UNPUBLISHED
UNITED STATES COURT OF APPEALS
FOR THE FOURTH CIRCUIT
No. 10-4670
UNITED STATES OF AMERICA,
Plaintiff - Appellee,
v.
SCOTT CHRISTOPHER HOWE,
Defendant - Appellant.
Appeal from the United States District Court for the Eastern
District of Virginia, at Alexandria. Leonie M. Brinkema,
District Judge. (1:09-cr-00510-LMB-1)
Submitted: January 21, 2011 Decided: March 4, 2011
Before NIEMEYER and MOTZ, Circuit Judges, and HAMILTON, Senior
Circuit Judge.
Affirmed as modified by unpublished per curiam opinion.
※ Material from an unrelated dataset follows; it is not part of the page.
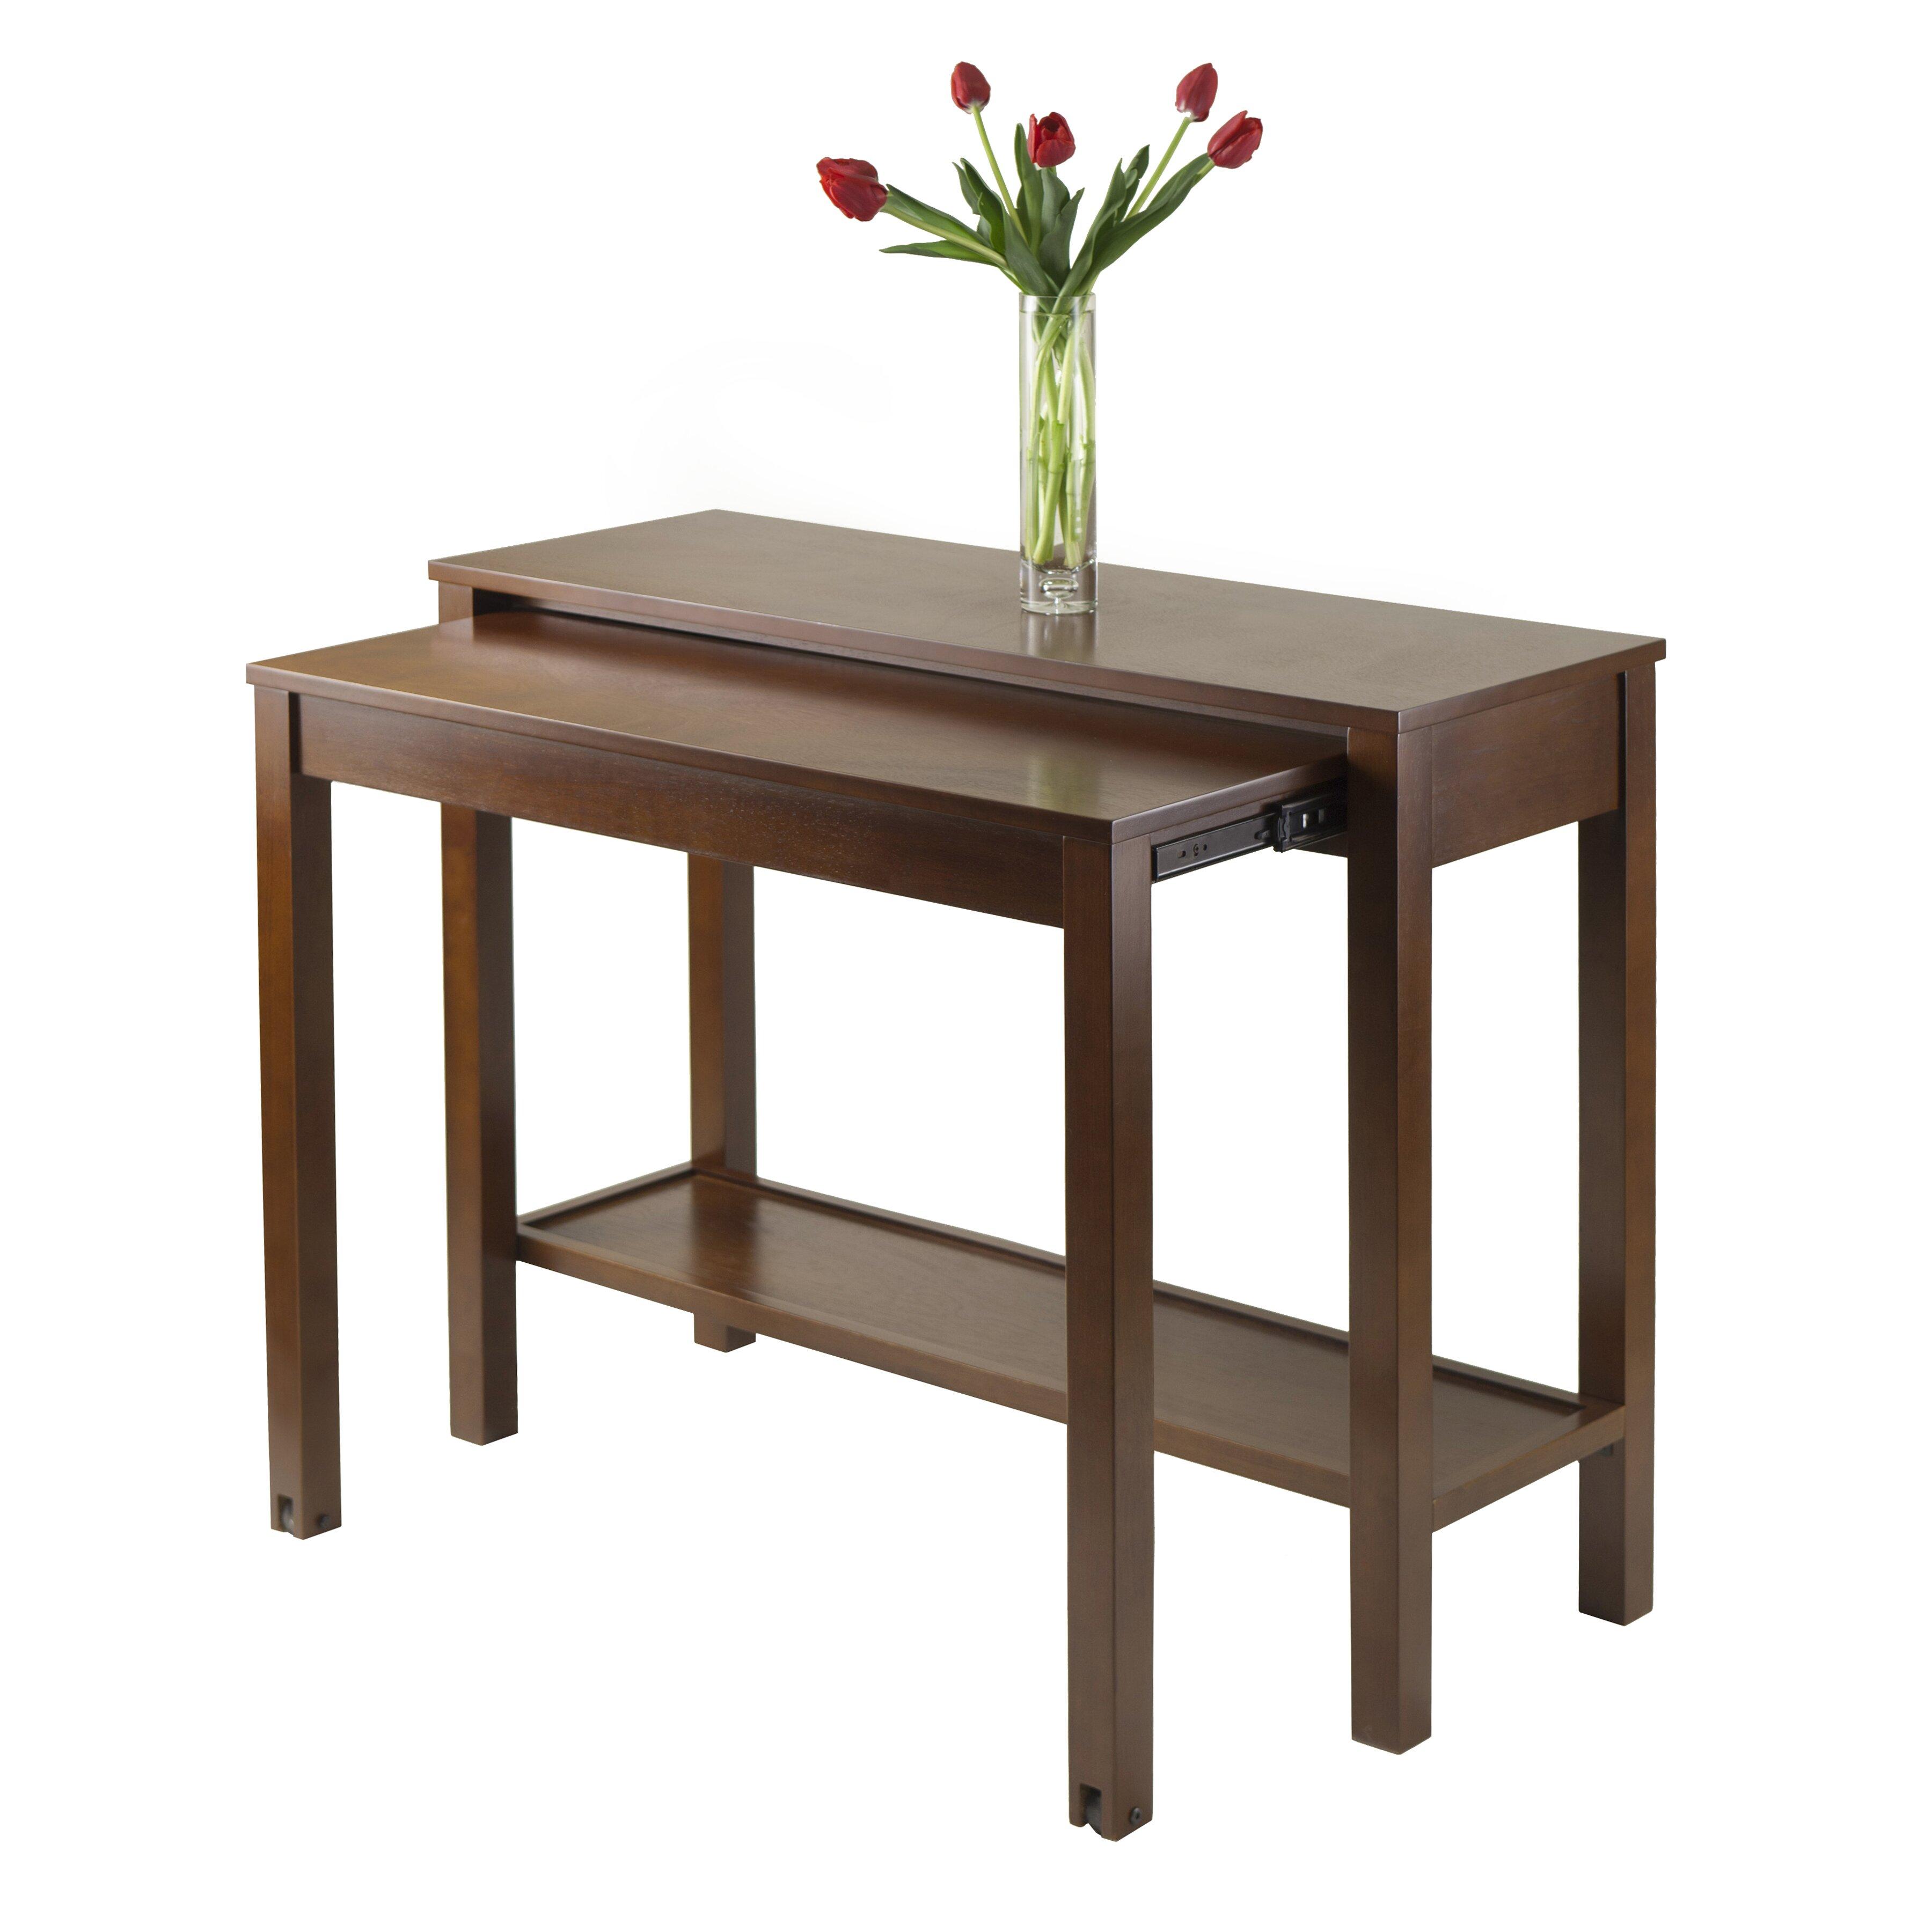 Winsome brandon expandable console table reviews wayfair for Expandable furniture

Marvin D. Miller, LAW OFFICE OF MARVIN D. MILLER, Alexandria,
Virginia, for Appellant. Neil H. MacBride, United States
Attorney, Gerald J. Smagala, Assistant United States Attorney,
Jeffrey H. Zeeman, Special Assistant United States Attorney,
Alexandria, Virginia, for Appellee.
Unpublished opinions are not binding precedent in this circuit.
PER CURIAM:
Following a bench trial, Scott Christopher Howe was
found guilty of three counts of exploiting a minor child for the
purpose of producing a visual depiction of that exploitation,
the production of which was accomplished using materials that
had been transported in and affected interstate, in violation of
18 U.S.C.A. § 2251(a) (West 2000 & Supp. 2010). Howe was
sentenced to 210 months’ imprisonment.
Prior to trial, Howe moved to dismiss the indictment,
arguing Congress exceeded its authority under the Commerce
Clause in enacting § 2251(a). Howe also lodged a multi-prong
attack on the admissibility of evidence seized from his home.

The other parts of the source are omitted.